— Тема сегодняшнего урока… — начал он.
Я видел, как склонились над столами головы моих одноклассников, как надулись их щёки.
Проклятье собрался, по своему обыкновению, вывести на доске название темы и вопросы по ней. Однако мел скользил по коричневой поверхности, не оставляя на ней ни малейших следов. Учитель давил сильнее, мел крошился, но толку всё равно не было.
По классу пролетели первые сдавленные смешки.
— Проклятье! — взорвался наконец географ и зашвырнул мел в угол. — Дежурные! Где дежурные?!
— Георгий Иванович, дежурных вы отправили за картой, — любезно подсказал Вовчик.
Весь класс уже трясся от смеха. А заодно и от страха, ожидая ещё большей бури.
Учитель снова повернулся к доске, поскреб её ногтем, потёр пальцы, понюхал, затем шагнул к столу и грохнул стулом об пол.
— Я не стану выяснять, кто намазал доску парафином! — прорычал он. — Да вы наверняка и не сознаетесь. Поэтому: всем достать дневники! Пишем замечание для родителей. Все пишем. А я потом распишусь.
— А что писать? — спросил кто-то, хотя все и так знали что.
— Пишем как обычно: «Я такой-то… плохо вёл себя… на уроке географии. Прошу заняться… моим воспитанием». Или: «Прошу меня наказать». Кому как нравится.
Это была тоже одна из оригинальных особенностей нашего учителя. Случается, опоздаешь на урок, а он: «Пиши себе в дневник замечание, а я распишусь». А ещё в конце четверти он раздаёт всем кусочки бумаги, и мы уже знаем, что на этом листочке каждый должен написать свою фамилию и сам себе поставить оценку (то есть как он оценивает свои знания по географии). Собрав все листочки, Георгий Иванович проводит выборочный опрос. Если ты ответил на ту оценку, какую себе поставил, или даже лучше, то получишь то, что написал на листочке, а если ответил хуже, то тебе гарантирована «двойка». Все оценки с бумажек (или кому-то двойки вместо них) он выставлял после этого в журнал.
На этот раз все с готовностью писали замечания в свои дневники.
Я знал, что у многих из нашего класса родители не воспринимают всерьёз эти странные записи, сделанные ученической рукой. Но моя мама болезненно реагировала на любые замечания, на любые плохие отметки. Поэтому я не стал ничего писать, хотя это и было опасно. А глядя на меня, и Вовчик ничего не написал.

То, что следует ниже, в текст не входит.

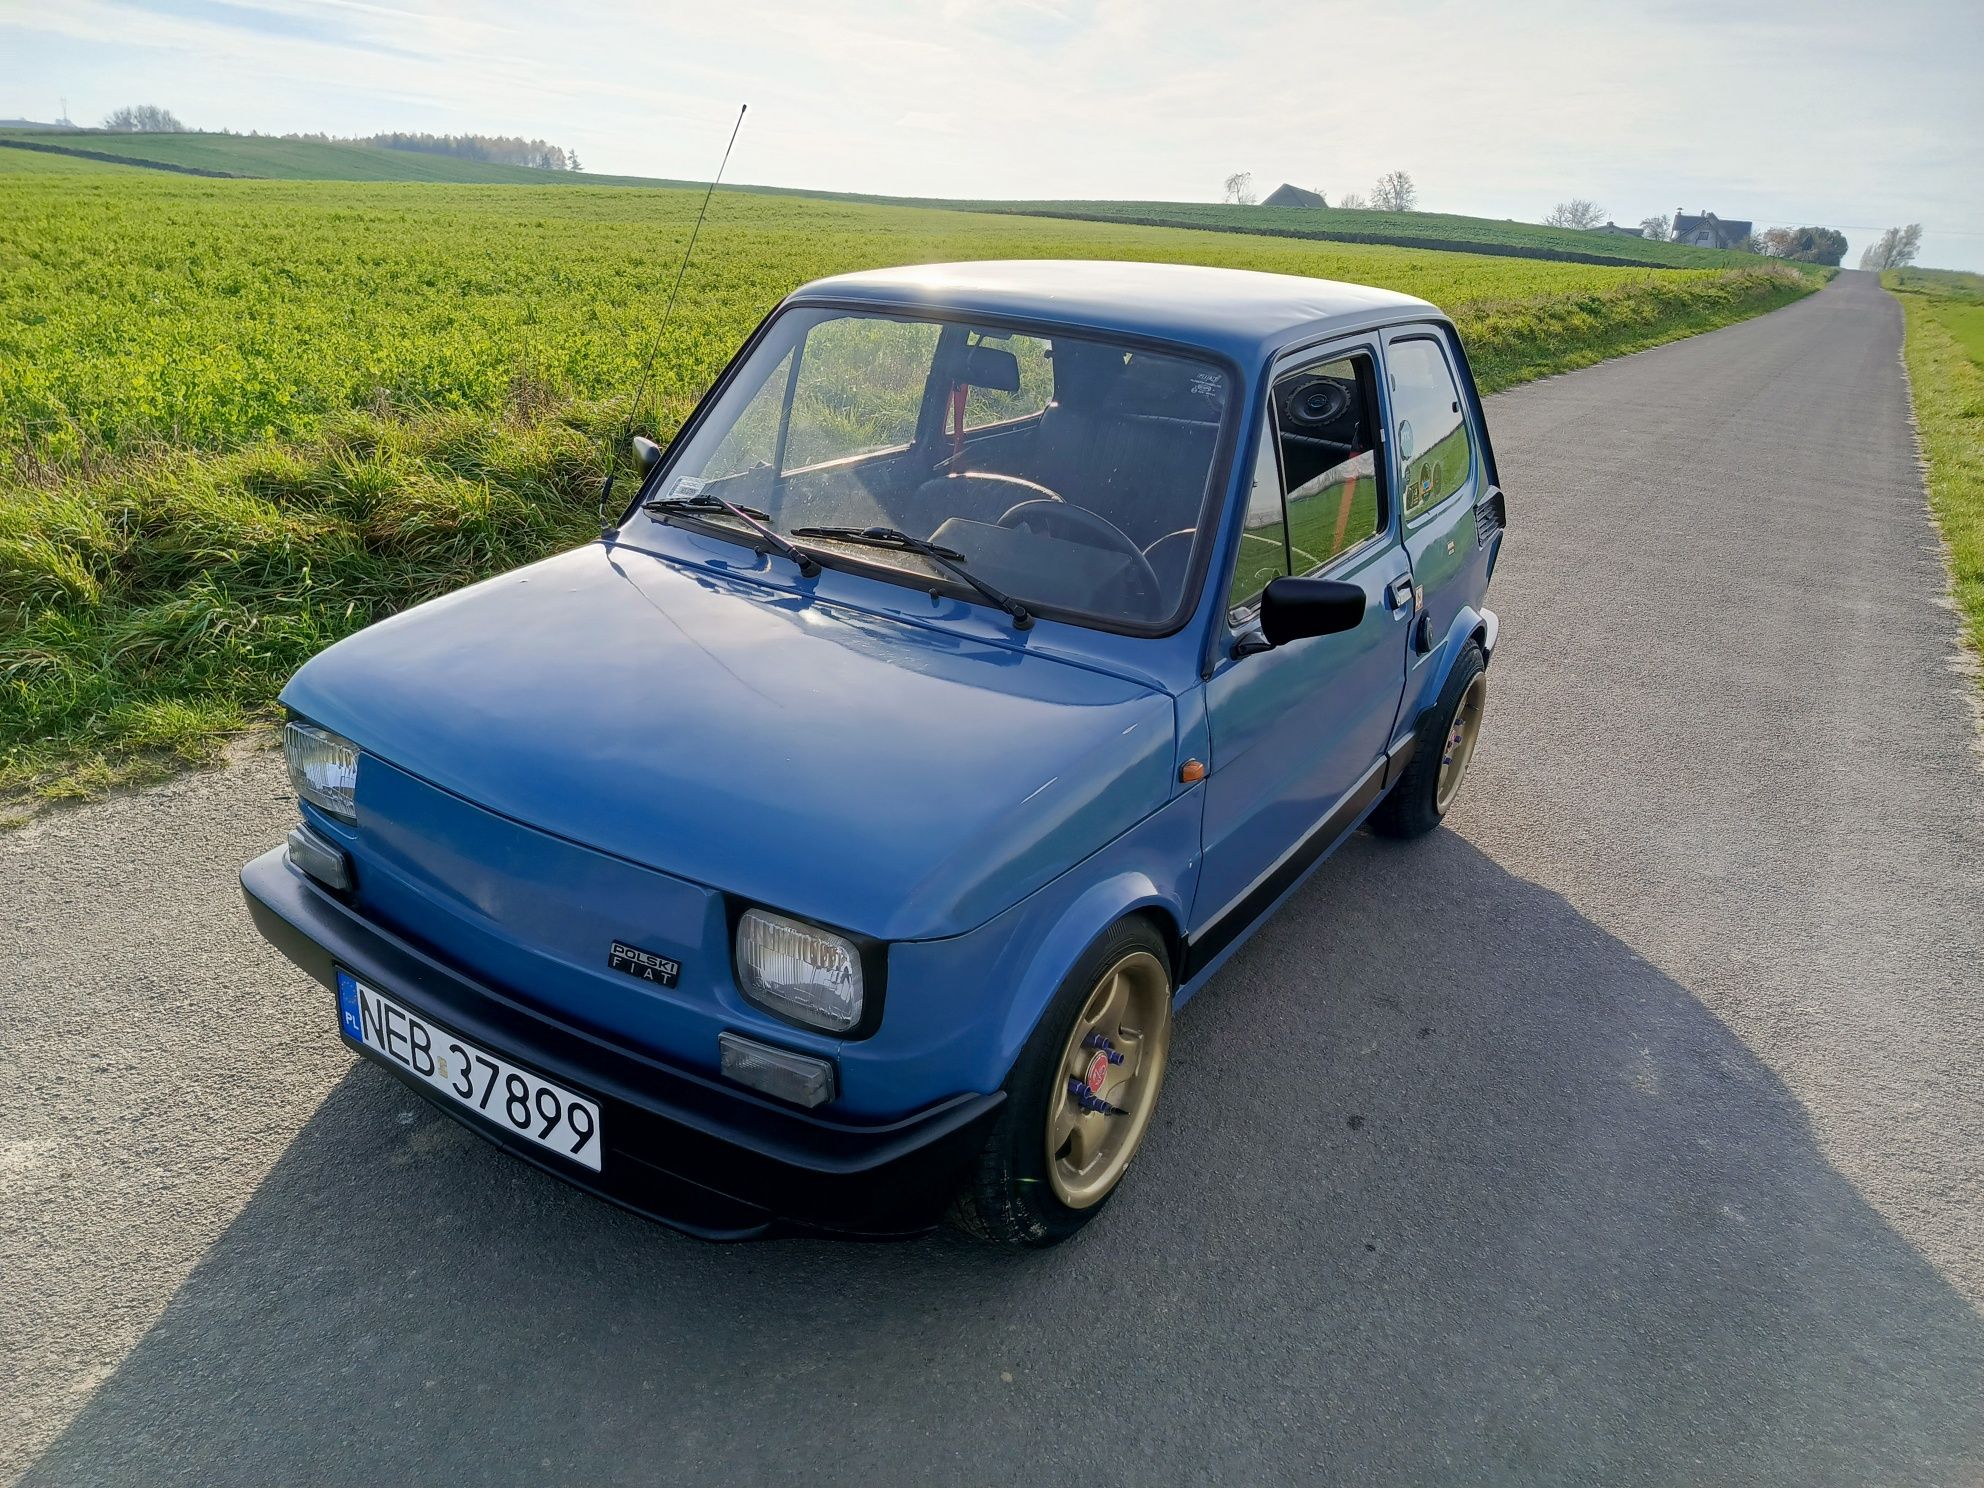 Fiat 126p, Maluch, Polski Fiat / Zamiana!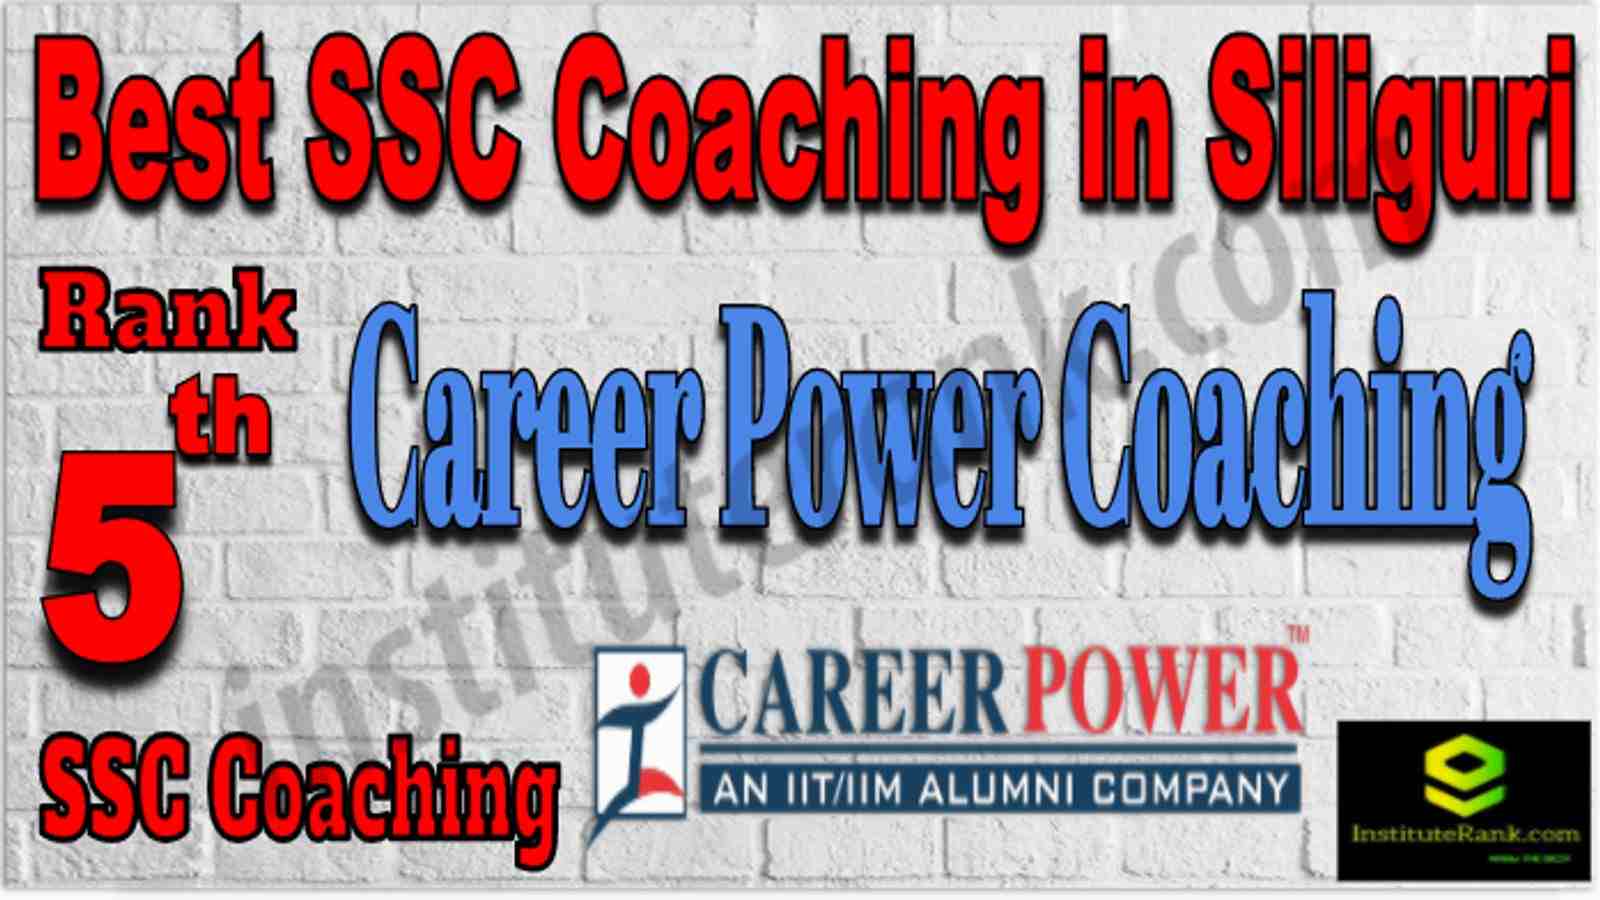 Rank 5 Best SSC Coaching in Silguri

Проклятье прошёлся по рядам, расписываясь в дневниках под замечаниями. Дойдя до нас с Вовчиком, он посмотрел в наши дневники, потом пристально посмотрел на нас, грозно шевеля бровями.
— Хорошо, — мрачно проговорил он. — Можете не писать. Но тогда марш к завхозу за щёткой, порошком и водой — будете отмывать доску!
В общем, пока Георгий Иванович вёл урок, мы скоблили доску на потеху всему классу. Вовчик ещё и специально смешил всех, строя рожи учительской спине. Под конец он так осмелел, что, когда Проклятье привстал, что-то объясняя, Вовчик сунул ему на крышку стула мыльную тряпку, которой тёр перед этим доску.
Надо ли говорить, что произошло, когда наш грозный учитель обнаружил под собой сюрприз. После целого шквала криков и проклятий мы с Вовчиком были оба схвачены за ухо (очень даже больно) и грубо вытолканы из класса.
«Проклятье!» — хотелось крикнуть мне от обиды. Это нас, семиклассников, вывести за ухо, точно каких-нибудь пятилетних шкетов!.. На глазах у девчонок!..
И где справедливость? Я не участвовал в натирании доски парафином, но мне пришлось её отмывать. Я не подкладывал тряпку на стул географа, но был так унизительно наказан. А все эти замечания в дневник под диктовку, все эти ругательства!.. Короче, я решил Проклятью отомстить. Осталось лишь дождаться подходящего момента.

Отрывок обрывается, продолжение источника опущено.